D.r. Chad, thank you for the great contribution! My doctoral research is based on the combination of ML&SP(Signal processing). Recently some great ideas occur to me and luckily I find this blog. How to use ML to learn the Fourier transform, this is an interesting topic and my ideas have something in common with it. I think maybe there is no need to totally use ML or expertise in SP either. How about combining them. Like some synthesization signal processing methods. Hoping for the next discussion!

Ym S: Thanks for checking out the CSP Blog!

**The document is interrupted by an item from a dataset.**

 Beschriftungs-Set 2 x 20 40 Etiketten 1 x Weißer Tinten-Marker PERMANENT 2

The next few posts that will appear won’t have to do with Machine Learning. I’m hoping that sometime, somewhere, someone will take up the challenge and post their results. It is likely my non-ML methods will eventually be inferior to some ML method, but so far nobody has shown me their results, even though many have downloaded the data set. We’ll see! At that time, I’ll probably post more on ML and CSP.

Dr. Spooner,

Given the formula for the actual symbol rate given above using base symbol period, upsample factor, and downsample factor, a downsample rate of 0 does not make sense to me, and yet some of the signals have this value in the truth file. Were such signals resampled differently from those with a downsample rate of 1?

JVB: Thanks for visiting the CSP Blog and for paying close attention to my ML-Challenge data set!

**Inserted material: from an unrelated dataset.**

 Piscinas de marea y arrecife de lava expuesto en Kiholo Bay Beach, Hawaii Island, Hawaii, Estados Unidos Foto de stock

I’ve verified your observation. Looking at the data files, when downsample was (inadvertently) set to zero, no resampling took place. So this is equivalent to having the upsample and downsample factors both equal one.

This oversight was also overlooked in my code that computes the error statistics for the CFO estimates, meaning that my errors are slightly better than shown in the figures in the post. Comparing new and old, I don’t think it is worthwhile to replace the figures.

Let me know what else you find!

Hi Chad – great blog!

I have recently downloaded your dataset with 112000 signals (28 batches of 4000 signals each). For each signal (which is a vector of 32768 complex samples) I have extracted the RMS (root-mean-square)-value. (Assuming that my software is bug-free) I have found that for the 1288 signals that have exactly zero CFO (carrier-frequency-offset), the corresponding RMS-values are all in the interval [1.015, 6.38] – while for the remaining 110712 signals the RMS-values lie in the “narrow” interval [0.988, 1.012].

Is there any particular reason for this correlation between CFO and RMS-value?